Accordingly, he recommended the abolition of all the internal taxes, comprehending excises, stamps, auctions, licensed carriages, and refined sugars, to which he added the postage of newspapers to facilitate the progress of information. The remaining sources of revenue aided by the extensive system of economy which he proposed to introduce would be sufficient, he contended, to provide for the support of government, to pay the interest of the public debt, and to discharge the principal in a shorter period than the laws or the general expectation had contemplated.
As supplemental, however, to the proposition for discontinuing the internal taxes, he recommended a diminution of the public disbursements by the abolition of all superfluous drafts upon the treasury. He informed the legislature of the progress he had already made in this department of public duty by the suppression of all unnecessary offices, agencies, and missions which depended on executive authority, and recommended to their consideration a careful revision of the remainder. "Considering," says he, "the general tendency to multiply offices and dependencies and to increase expense to the ultimate term of burden which the citizen can bear, it behooves us to avail ourselves of every occasion which presents itself for taking off the surcharge; that it may never be seen here that, after leaving to labor the smallest portion of its earnings on which it can subsist, government shall itself consume the residue of what it was instituted to guard." (1st Annual Message, 1801. ME 3:333)
In order to multiply barriers against the dissipation of the public money, he recommended Congress to establish the practice of specific appropriations in all cases susceptible of definition, to reduce the undefined field of contingencies, and to bring back to a single department for examination and approval all accountabilities for receipts and expenditures.
He directed the attention of Congress to the army and advised the reduction of the existing establishment to the number of garrisons actually necessary and the number of men requisite for each garrison. A standing army in time of peace was both unnecessary and dangerous. The militia was the main pillar of defence to the country and the only force which could be ready at every point to repel invasion until regulars could be provided to relieve them. This consideration rendered important a careful review of the existing organization of the militia at every session of Congress, and the amendment of such defects as from time to time might show themselves in the system until it should be made sufficiently perfect. "Nor should we now," said he, "or at any time separate, until we can say we have done everything for the militia which we could do were an enemy at our door."
With respect to the navy, although a difference of opinion might exist as to the extent to which it should be carried, yet all would agree that a small force was continually wanted for actual service in the Mediterranean. All naval preparations beyond this, the President thought, should be confined to the provision of such articles as might be kept without waste or consumption and be in readiness for any exigence which might occur.
The President was of opinion that agriculture, manufactures, commerce, and navigation were most disposed to thrive when left most free to individual enterprise. Protection from casual embarrassments, however, might sometimes be seasonably interposed, and was clearly within the constitutional limits of Congress.

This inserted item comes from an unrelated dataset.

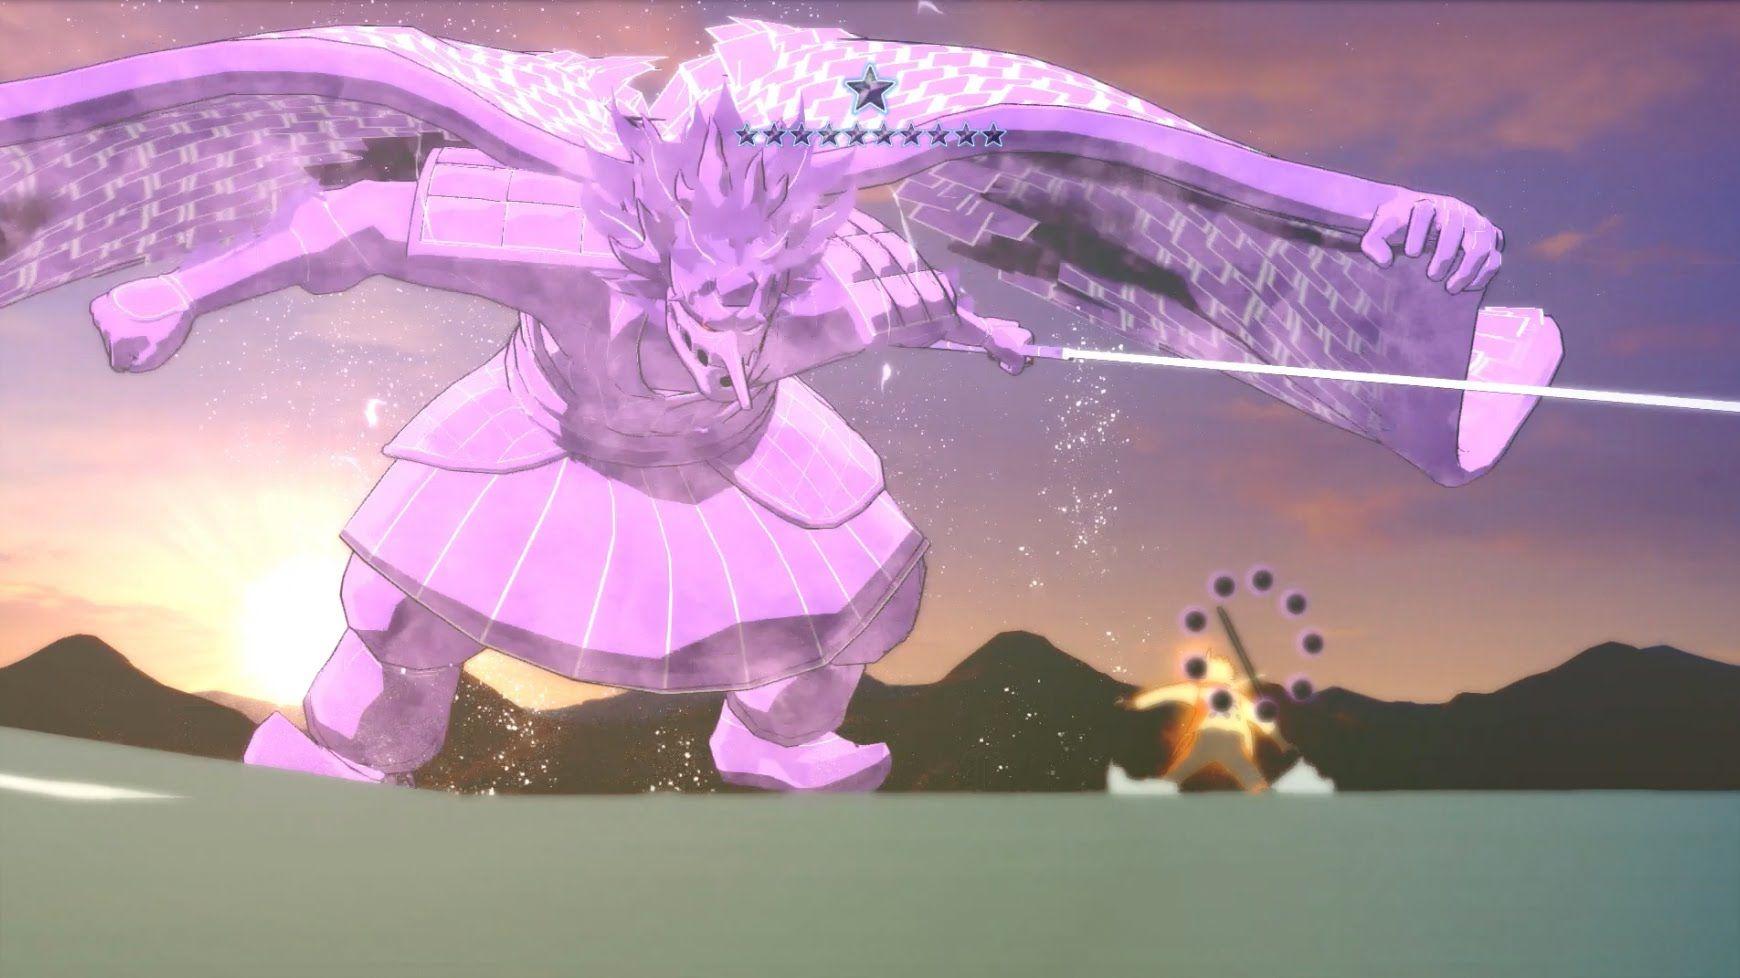 Rikudou Naruto Vs. Sasuke Uchiha (Perfect Susanoo) Final

He submitted to the serious consideration of the legislature the judiciary system of the United States and suggested the expediency of rescinding that branch of it recently erected, should it appear on examination to be superfluous, of which he entertained no doubt. While on the subject of the judiciary, he commended to their protection the "inestimable institution of juries," urging the propriety of their extension to all cases involving the security of our persons or property and the necessity of their impartial selection.
The President warmly recommended a revisal of the laws on the subject of naturalization and an abbreviation of the period prescribed for acquiring citizenship. The existing regulation requiring a residence of fourteen years was a denial of citizenship to a great proportion of those who asked it, obstructing the prosperous growth of the country and incompatible with the humane spirit of our laws.
After commending to them prudence and temperance in discussion, which were so conducive to harmony and rational deliberation within their own walls and to that consolidation of sentiment among their constituents which was so happily increasing, the President concluded as follows: "That all should be satisfied with any one order of things is not to be expected; but I indulge the pleasing persuasion that the great body of our citizens will cordially concur in honest and disinterested efforts, which have for their object to preserve the general and State governments in their constitutional form and equilibrium; to maintain peace abroad and order and obedience to the laws at home; to establish principles and practices of administration favorable to the security of liberty and property; and to reduce expenses to what is necessary for the useful purpose of government." (1st Annual Message, 1801. ME 3:340)
The first message of the first Democratic-Republican President of the United States was anticipated with a fever of popular impatience. On its appearance, sensations diametrically opposite were excited in the two great division of the political public. The fundamental features of his policy as publicly delineated by the President were too unequivocal and strongly marked not to realize the expectations of his supporters and the necessary apprehensions of his adversaries. His propositions for lessening the expenditures of the previous administrations by the abolition of sinecures and the establishment of a rigid accountability with the remaining offices of the government; for cutting down the army and relying for ordinary protection on the unpensioned resource of an omnipresent militia; for reducing the navy to the actual force required for covering our commerce from the ravages of the common enemies of civilization; for the gradual and systematic extinguishment of the public debt in derision of the monarchical maxim that "a national debt is a national blessing"; for circumscribing discretionary powers over money by establishing the rule of specific appropriations; for restoring the hospitable policy of the government towards aliens and fugitives from foreign oppression; for multiplying barriers around the sovereignty of the States and the liberties of the people against the encroachments of the federal authorities; for crippling the despotism of the judiciary and lopping from it a supernumerary member engrafted by his predecessors for political purposes -- all these propositions were seized with avidity by his opponents and made one by one a topic of censure or of raillery. On the other hand, innumerable addresses of thanks by republican assemblies and by individual champions of the Republican party were communicated to him from every section of the union. To these he returned public or private answers according to the nature of the address.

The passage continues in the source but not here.